In so doing, it created a system that was even more unfair than either the missing exams or the teacher assessments that attempted to replace them. After all, both of those at least attempted to assess students' own performance. But the algorithm assessed a student's performance solely by reference to other, unrelated, people's performance, at a different time and in a different place. All the work that the students themselves put in counted for nothing. Even their own prior attainment was deliberately ignored:

It is important to note that neither through the standardisation process applied this year nor the use of cohort level predictions in a typical year, does a student’s individual prior attainment dictate their outcome in a subject. Measures of prior-attainment are only used to characterise and, therefore, predict for group relationships between students.

Those who designed this inhuman system thought they could behave like gods, deciding at the throw of a dice who should succeed and who should fail, and caring nothing for the young lives they would ruin. "If a few teenagers don't get their university places, too bad."

But they are not gods. They are our servants. And they need cutting down to size. This fiasco has ended unsatisfactorily, but at least no-one was killed. But it's not beyond the bounds of possibility that a future algorithm might make life or death decisions about individuals based on historical data not about them, but about other people deemed to be "like them". We must not go any further down this path. Let the examinations disaster serve as an awful warning. Never again should the designers of algorithms be given sole responsibility for making decisions about individuals that will change their lives forever.

Comments

RobinS25 August 2020 at 16:25
Excellent analysis thank your Frances. Cathy O'Neill cites a not dissimilar example in her book Weapons of Maths Destruction which I suspect you may have read.
Have passed your analysis to a peer in the Lords who is active and expert in this field. He is on the education case
James Peach27 August 2020 at 00:39
Thank you Frances. A fantastic post - am entirely in agreement that though the algorithm was a abject failure what is more worrying is what is says about the ethics of Ofqual. Good to see they u-turned. My only disappointment is that it seems like everyone in the DfE will lose their jobs before Gavin Williamson.
Simon Garrett28 August 2020 at 17:13
Thank you for a very thorough analysis. In my more simple minded view, as Dan Davies said (Guardian 15th August): "No statistical method in the world is going to be able to give you good results if the information you’re looking for is fundamentally not there in the dataset that you’re trying to extract it from." There is a seductive tendency is to assume that all big datasets contain hidden Truth that will inevitably be revealed if we give it enough pumelling. Alas: garbage in, garbage out.
Anonymous30 August 2020 at 20:35
I had hoped to avoid having to read the entire report. However, the presentation of the main equation here, and in all the other accounts I have seen, omits the basic information that I was used to seeing in statistical analyses when I was working. In particular:
What do the subscripts j and k denote? Is it the subject, the school, the grade, the student or some other things? Alternatively, is there a separate such equation for each subject and school; with j and k denoting yet other things?
Are the q and p (lower case) scalars or vectors?
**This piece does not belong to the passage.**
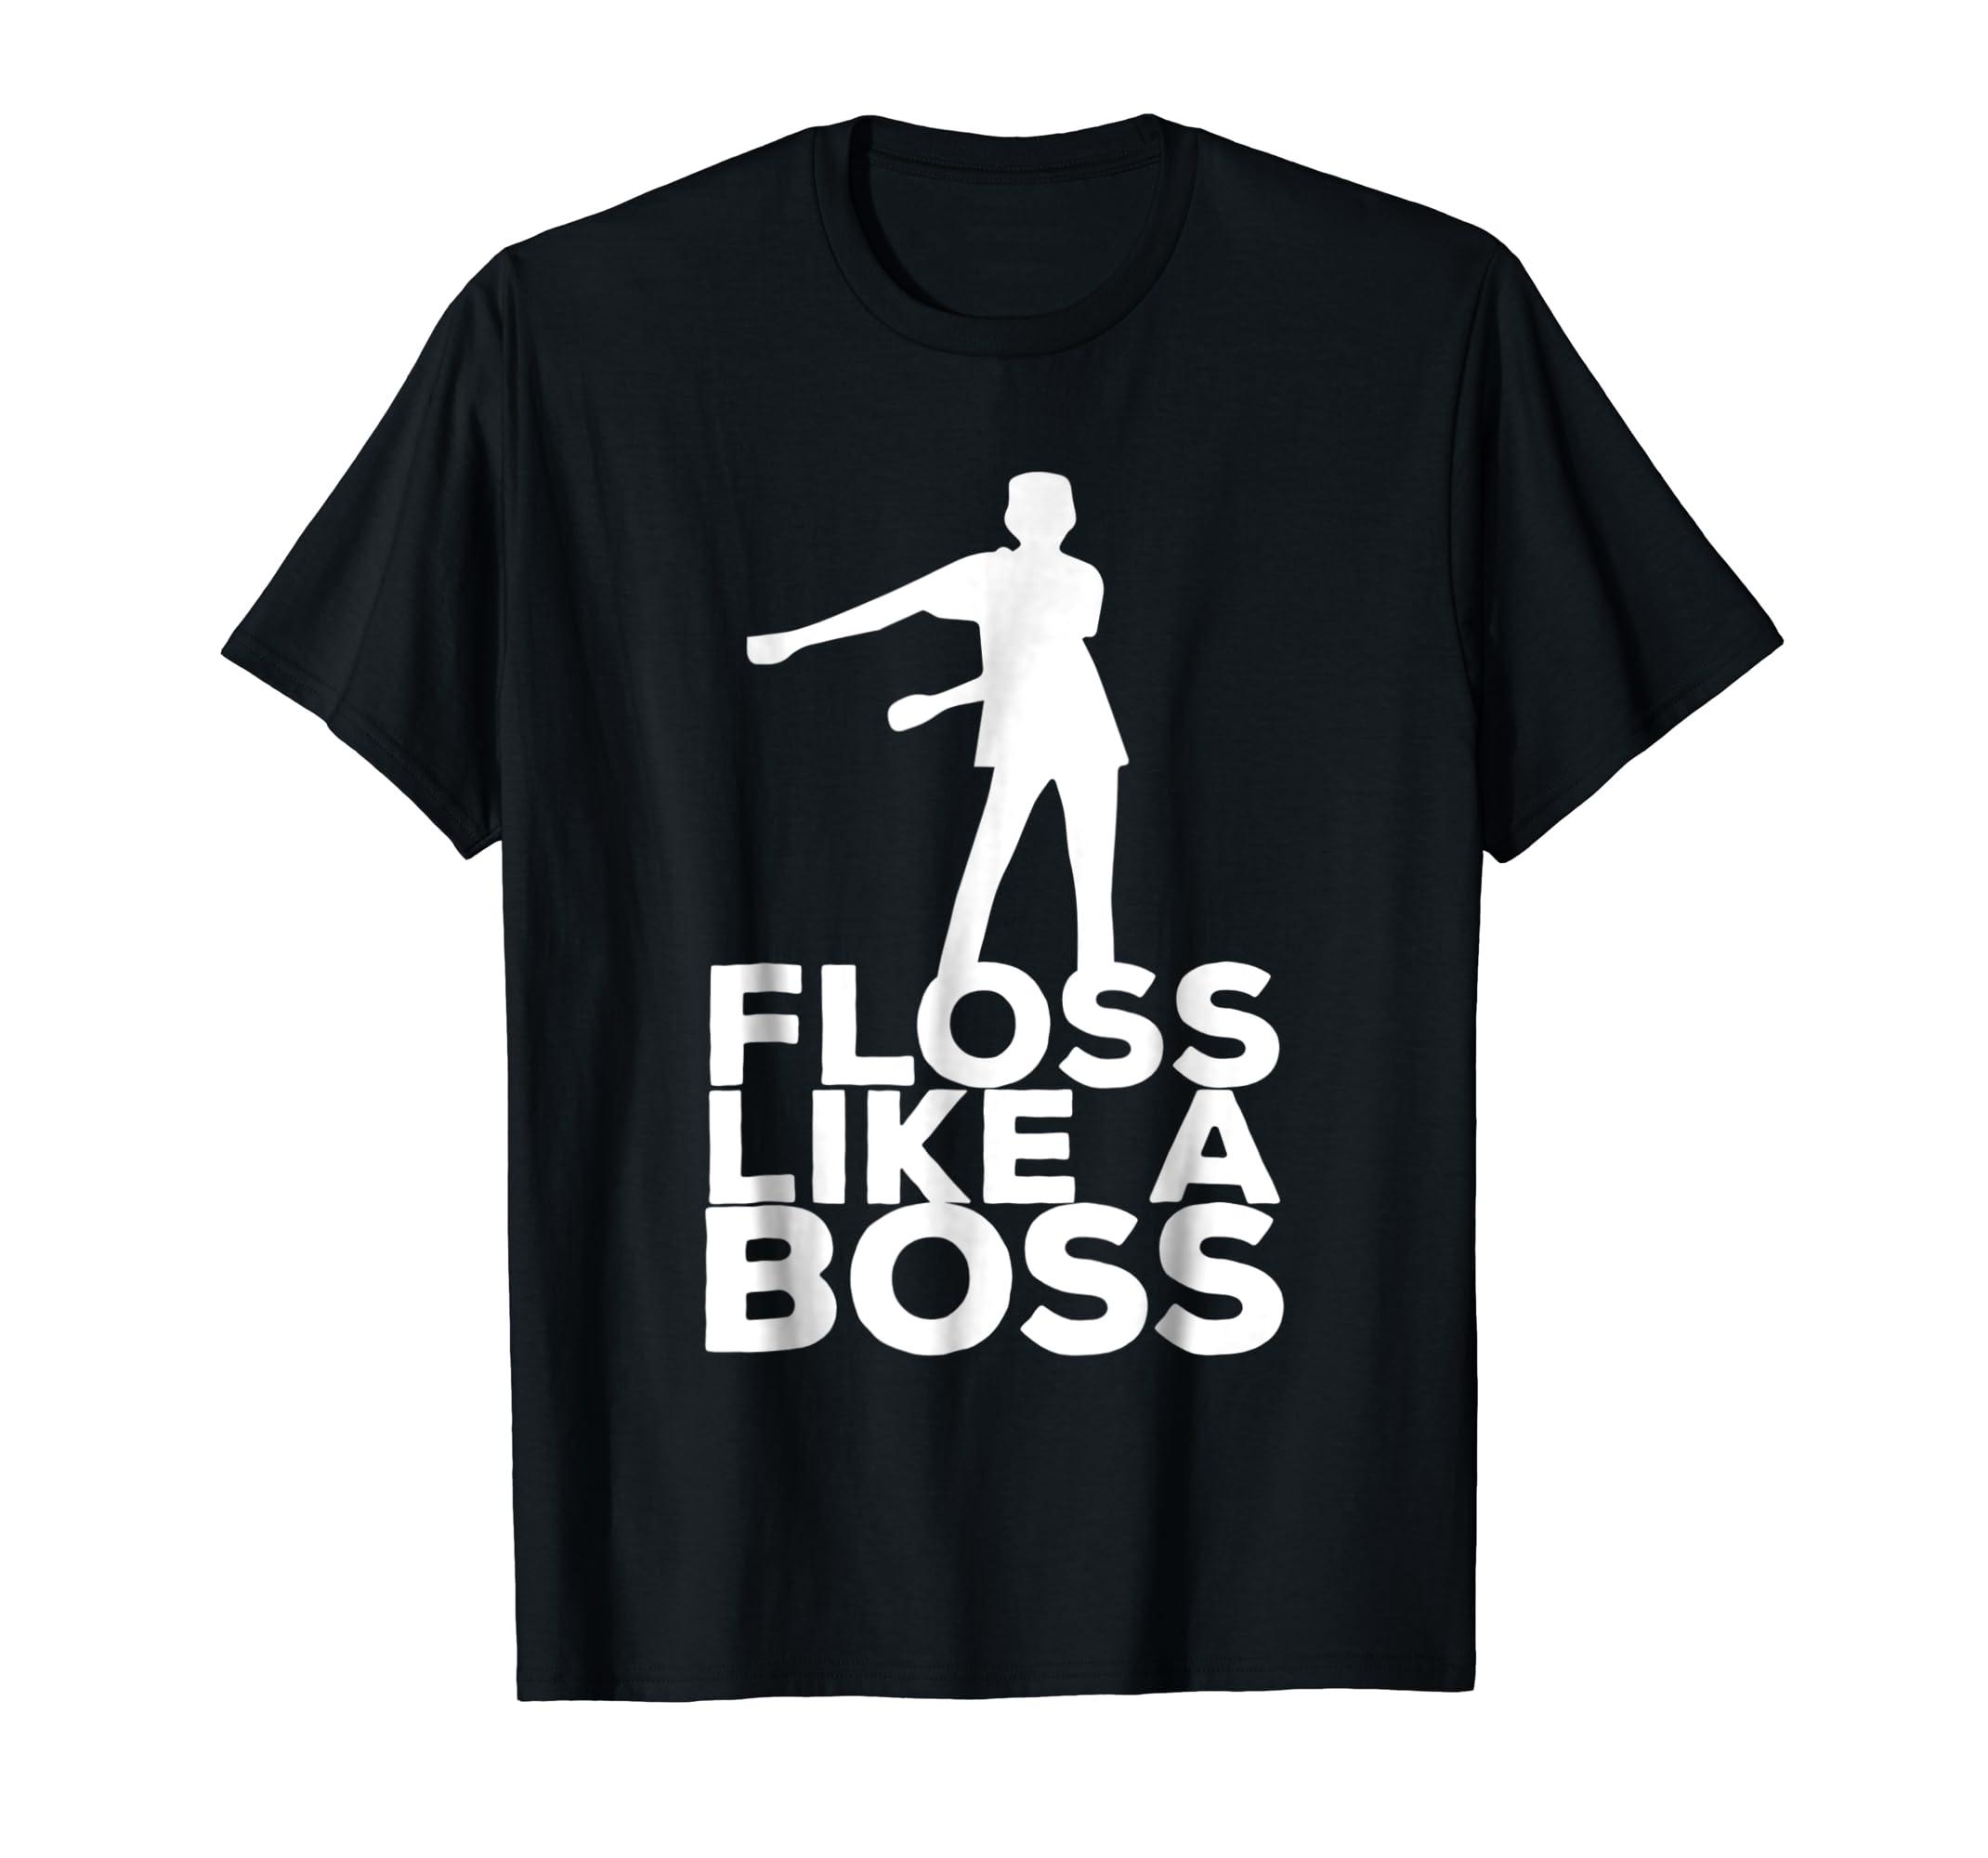 809ad64cb Amazon.com: Floss Like A Boss Dance T-Shirt: Clothing
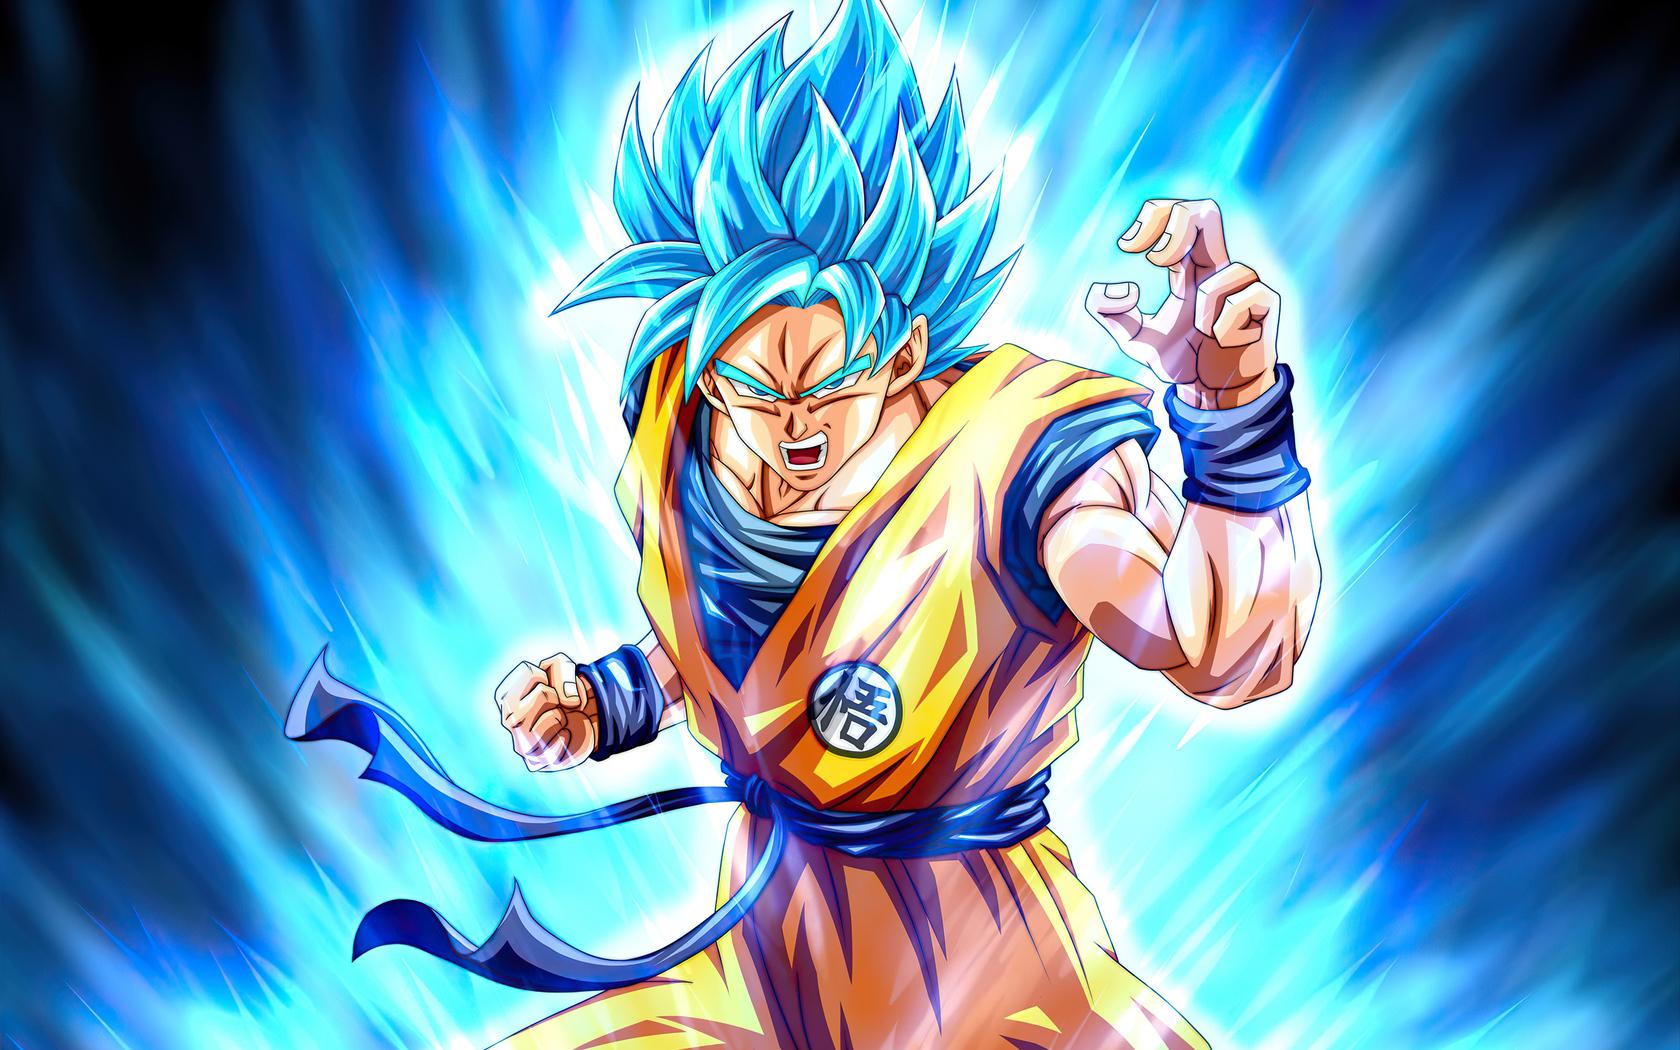 1680x1050 Dragon Ball Son Goku 4k 1680x1050 Resolution HD ...

Sorry if I am missing something that is obvious to everybody else! But, at present, I find it difficult to fully understand some relevant details.

Almar
Michael Baker5 September 2020 at 10:36
A very interesting analysis. Thanks for your work!
Ben Oldfield5 September 2020 at 19:51
The exams are to control the number of students going to university and not about assessing the student. As a cast in point the cost of the course for a medical doctor is expensive so much so that the students payment has the be supplemented by the government. That is why despite the huge shortage of doctors very few places are available.